We can extract the invariable parts: read with length/write with length, and serialization, deserialization. We try not to care what the underlying transport mechanism is when sending and receiving messages; And what kind of message will be sent from the top, do not care. The low-level transmission can be abstracted as Reader/Writer (Stream/Sink under Async), while the upper-level Message can be abstracted as Message. The data received and sent can be thought of as a Frame with different formats, so we can have a design like this:

Even frame structure changes can be quickly implemented without much fuss if they are well defined. You can see the specific code [5].

Sage moment

As I have stated in previous articles, the worldview formed during the development of a language greatly influences and limits the behavior and capabilities of the language itself. In pursuit of extreme efficiency (and zero-cost abstraction), Rust chose singleton over generics to handle static dispatch, which greatly affects compilation speed, and singleton means that Rust code does not distribute well in binary. Let other Rust code be called in the Rust ABI (instead of the C FFI). This also means that even though Rust can replace C in many cases, Rust may never replace C in the binary interface to operating system applications (ABI).

This post is a summary and review of Rust’s BBL, which I posted on Tubi last Thursday. The BBL talk is available on my Github: Tyrchen/Rust-Training, or click “Read the original.” Interestingly, On Saturday (4/30), Jon Gjengset covered almost the same theme: Dispatch and Fat Pointers[6] in the latest installment of his Crust of Rust series, which you can check out. Jon’s live sessions are great and definitely worth the time to learn.

This is the end of the series. Originally I only wanted to write three or four, but I didn’t expect to write eight. There are many other directions to continue writing, such as DEBUG, distributed, state machine, etc. :

But Rust isn’t the only thing in life. My Flutter 2 has just started and has yet to be completed. Swift and iOS development still has a lot of work to do. There are some exciting projects coming up in the Elixir community recently, and some students want me to talk about them. So, I’ll spend some time talking about other things. If you are interested in any topics related to software development, please feel free to discuss them with me.

The resources

[1] Fundamentals of Generic Programming:

[2] Implementing Swift Generics: youtu.be/ctS8FzqcRug

[3] How Swift Achieved Dynamic Linking the Where Rust Couldn ‘t: gankra. Making. IO/blah/Swift -…

[4] Models of Generics and Metaprogramming: Go, Rust, Swift, D and More: thume.ca/2019/07/14/…

[5] async – prost: github.com/tyrchen/asy…

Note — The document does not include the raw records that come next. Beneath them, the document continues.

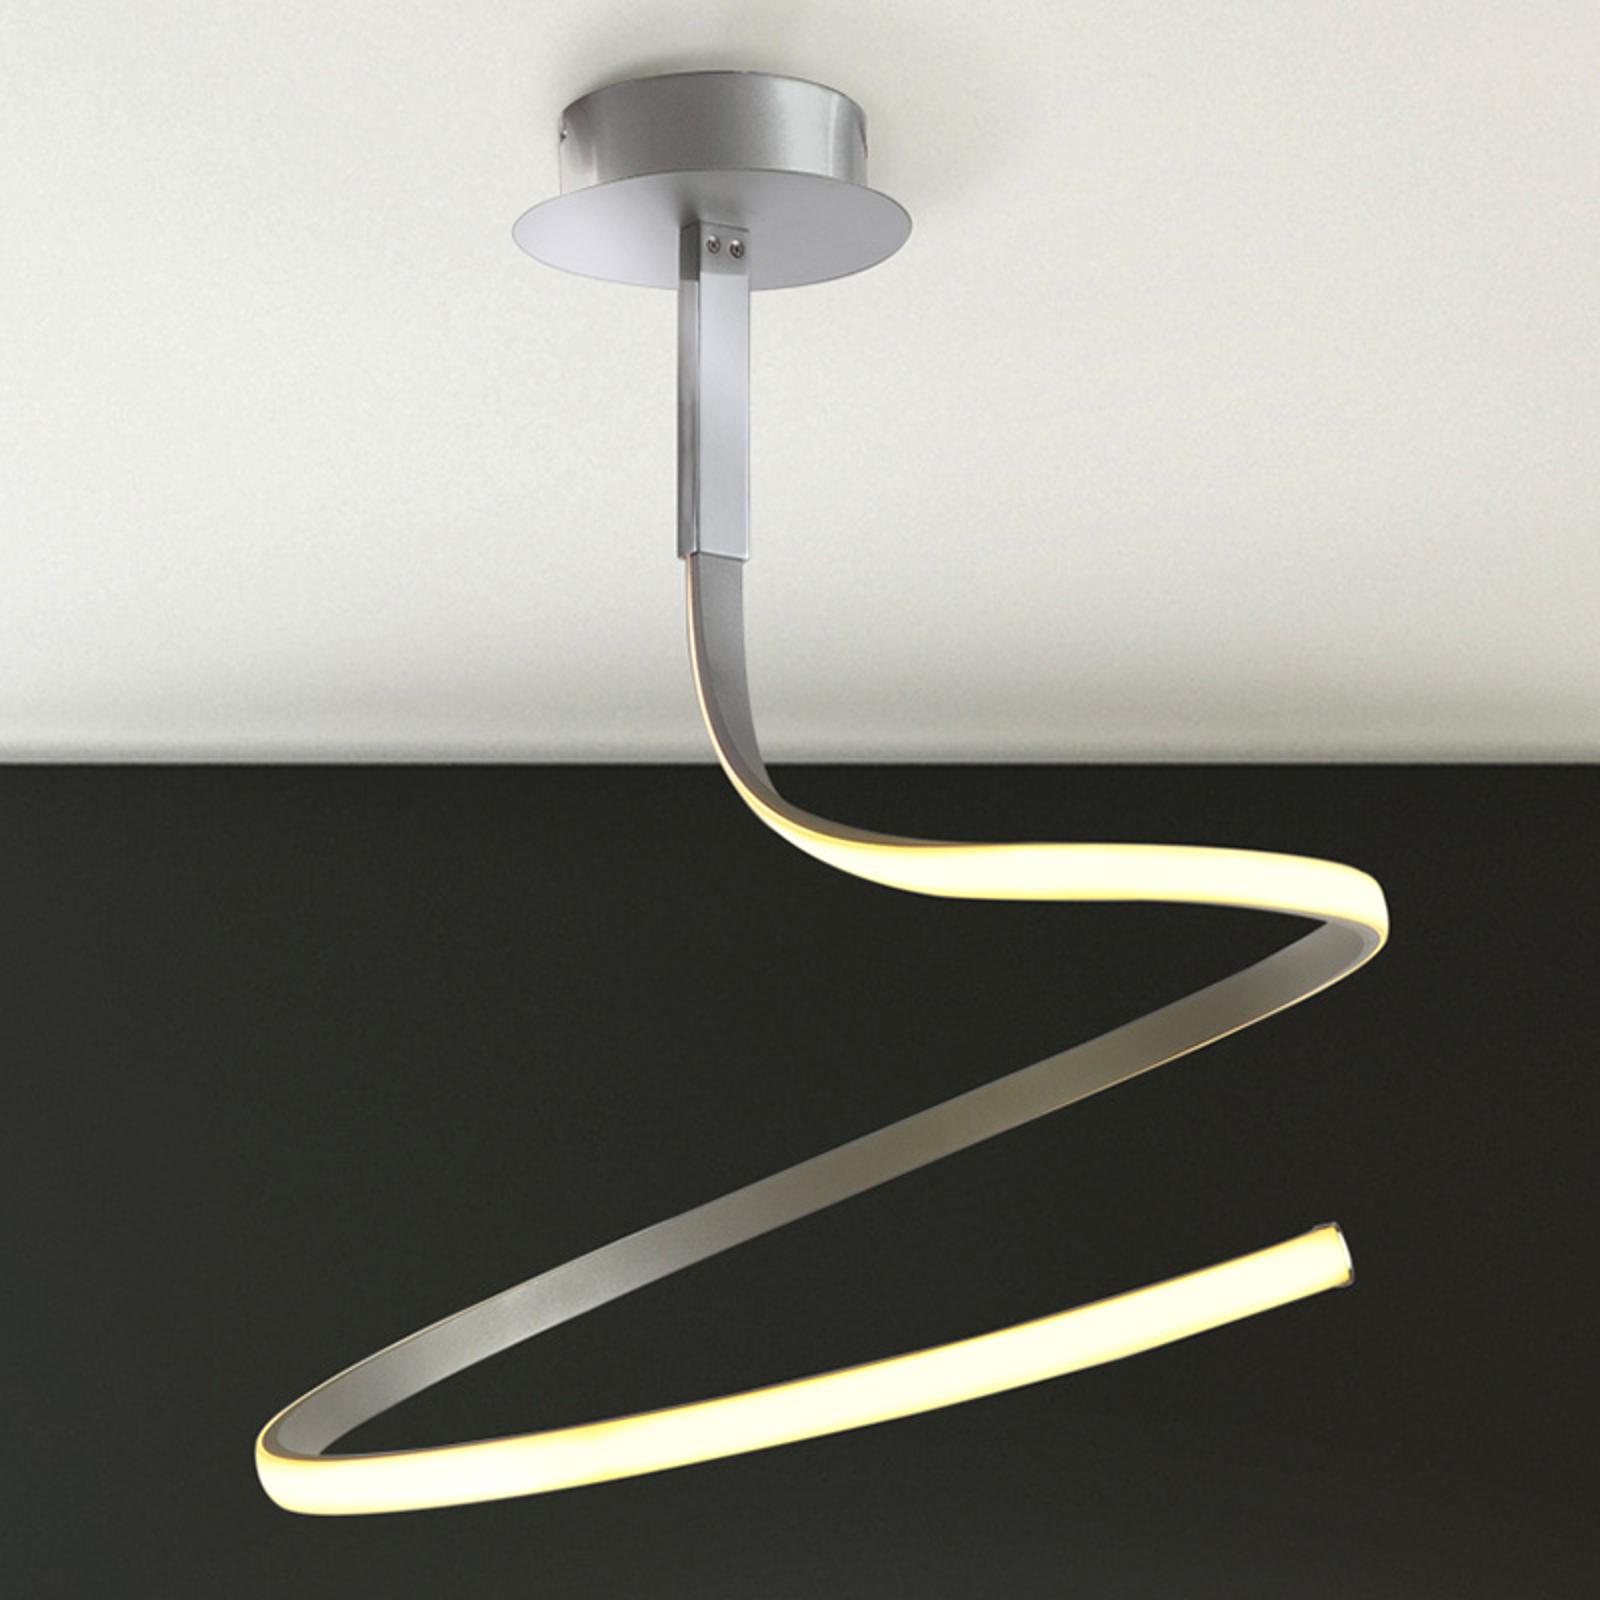 LED hanglamp Nur 30 W
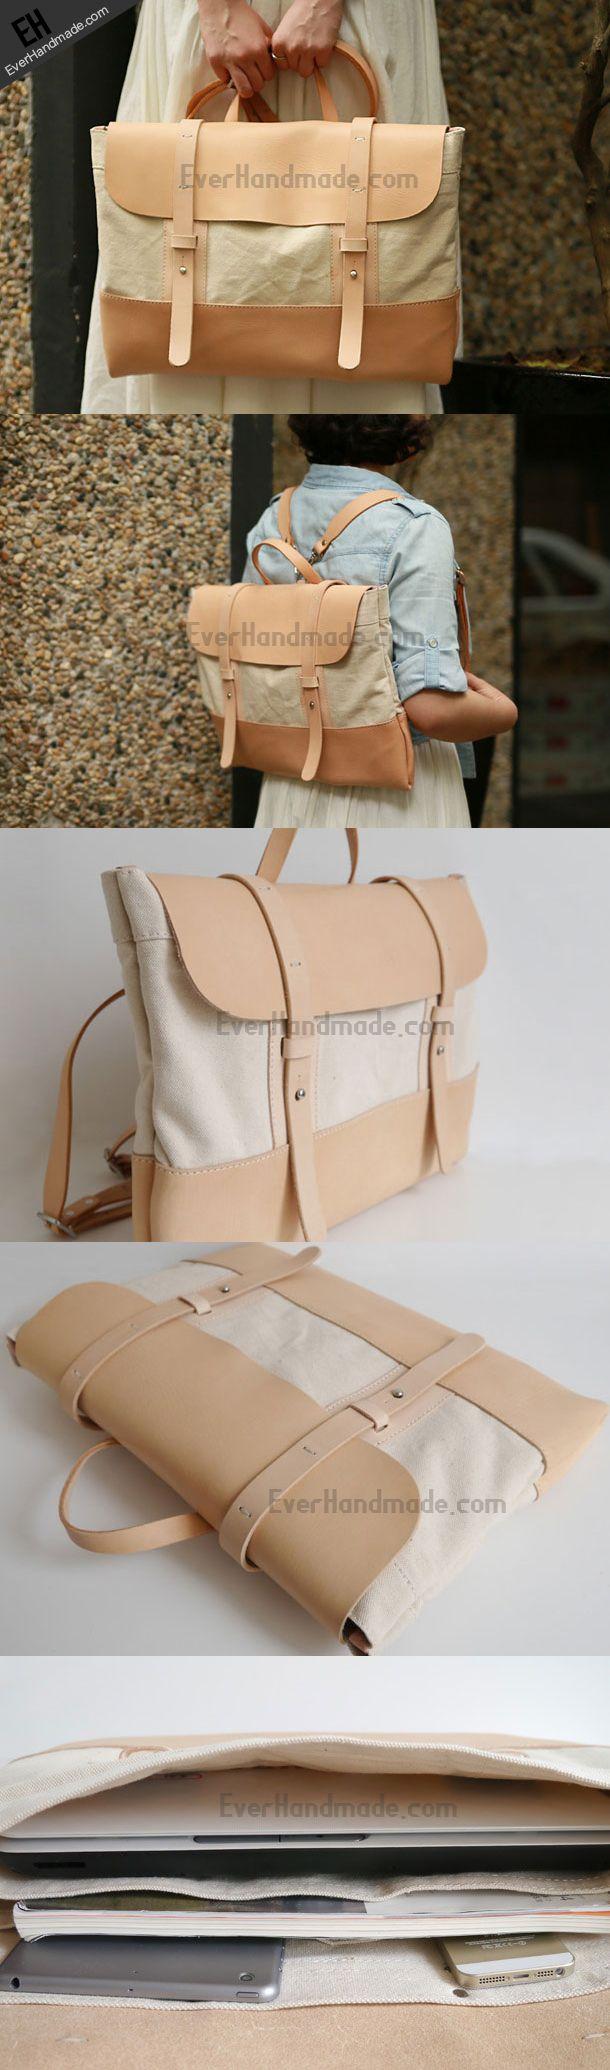 Handmade Leather messenger bag backpack canvas for
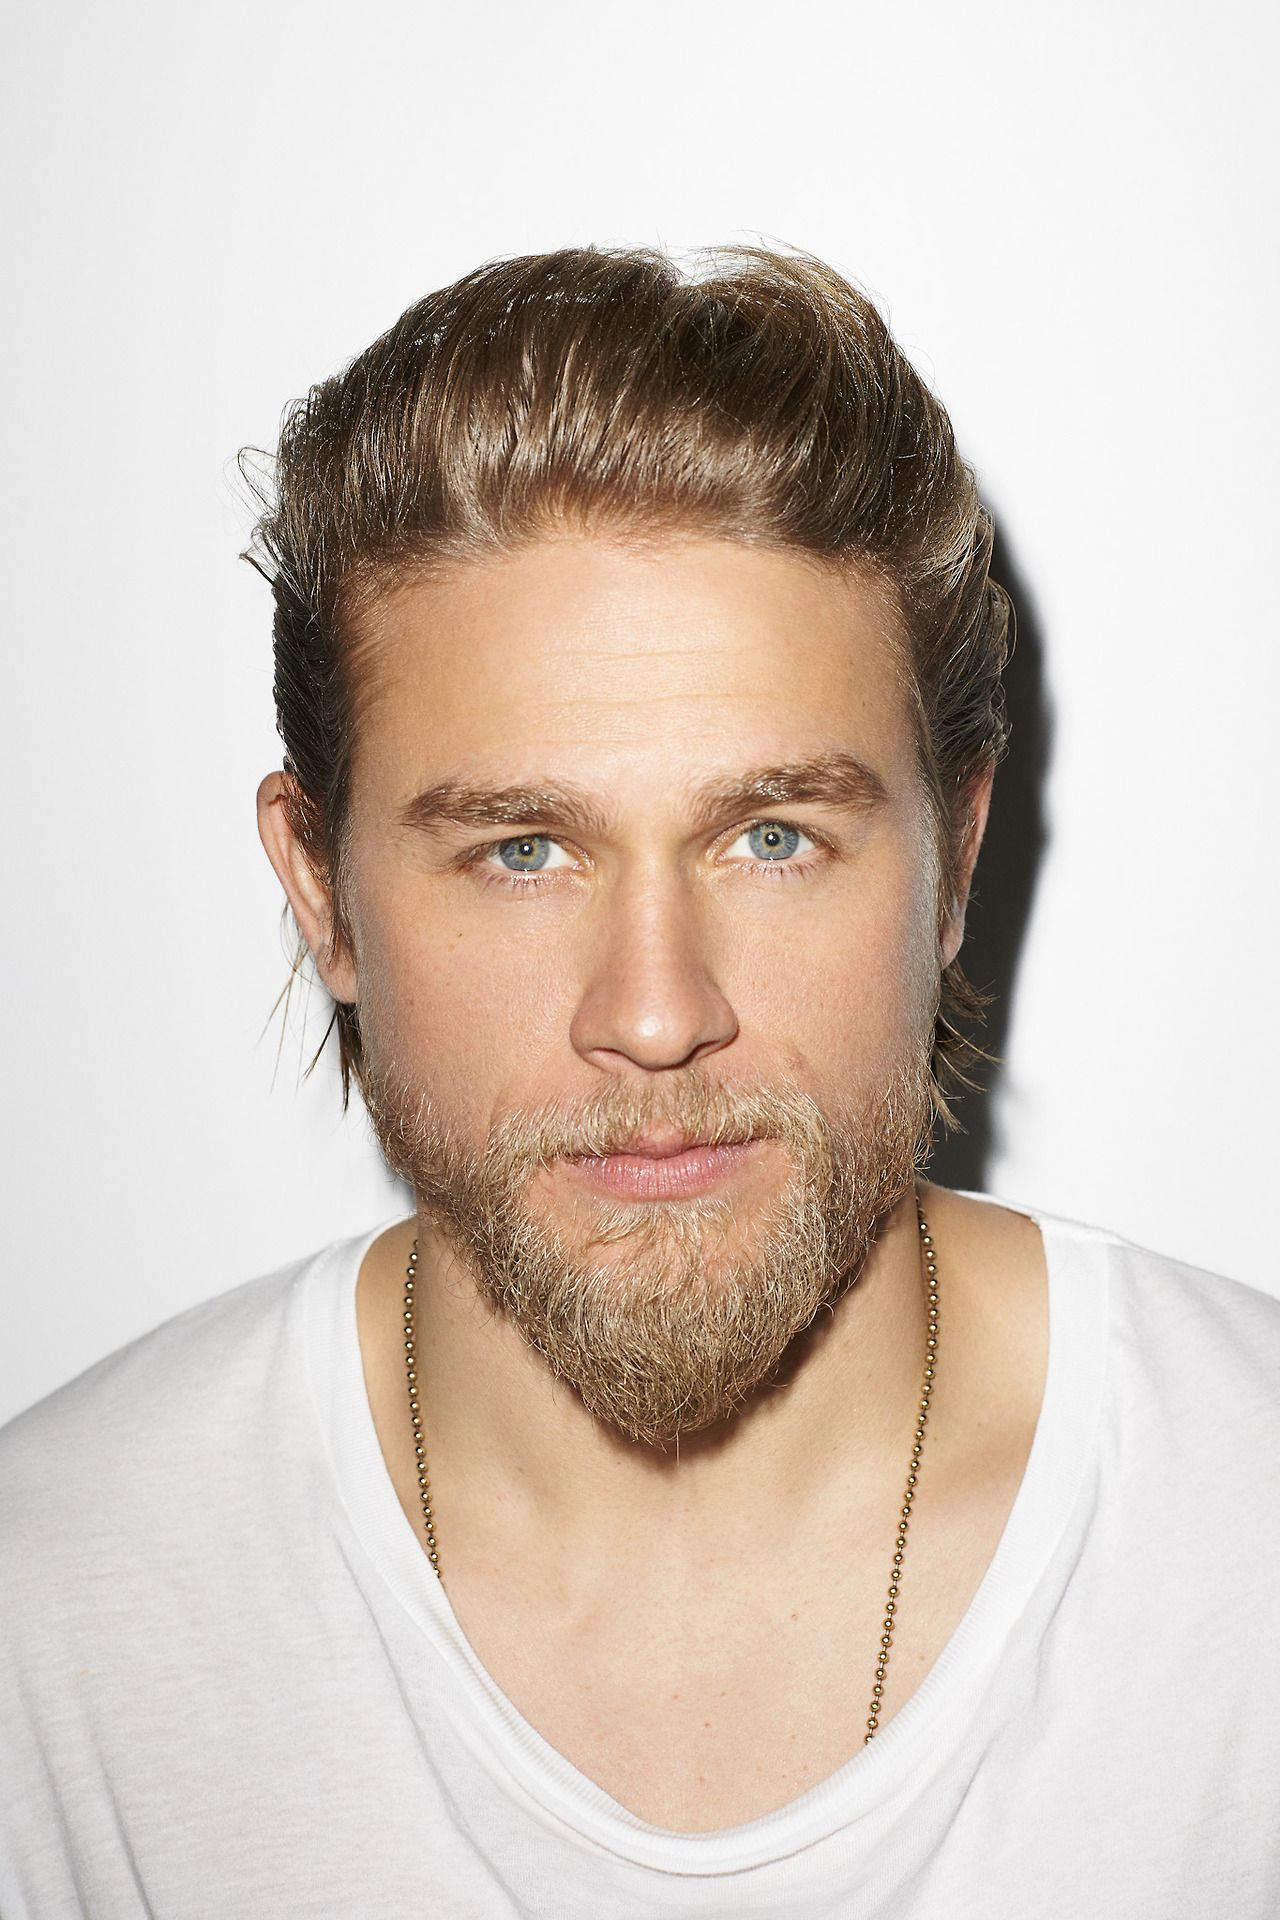 Pin By Vanessa Marie On Celebrities Beard Styles Beard Styles For Men Ducktail Beard

[6] Crust of Rust: Dispatch and Fat Pointers: www.youtube.com/watch?v=xcy…

Gist.github.com/Kimundi/839…

The design of a language often affects the way it is used.

Swift uses Witness Tables to handle generics, while Rust copies specialized code at compile time for each scenario used, which makes some significant differences:

  • Rust compiles more slowly, while Swift compiles much faster
  • If you use Rust Library made by someone else, you need to integrate the source code to compile it, otherwise generics won’t work (you can only integrate it in C FFI form); Swift allows you to use third-party binaries without compromising the utility of generics.

This also illustrates the significant difference between Rust and Swift ecosystems — Swift was designed with the needs of potential business partners in mind.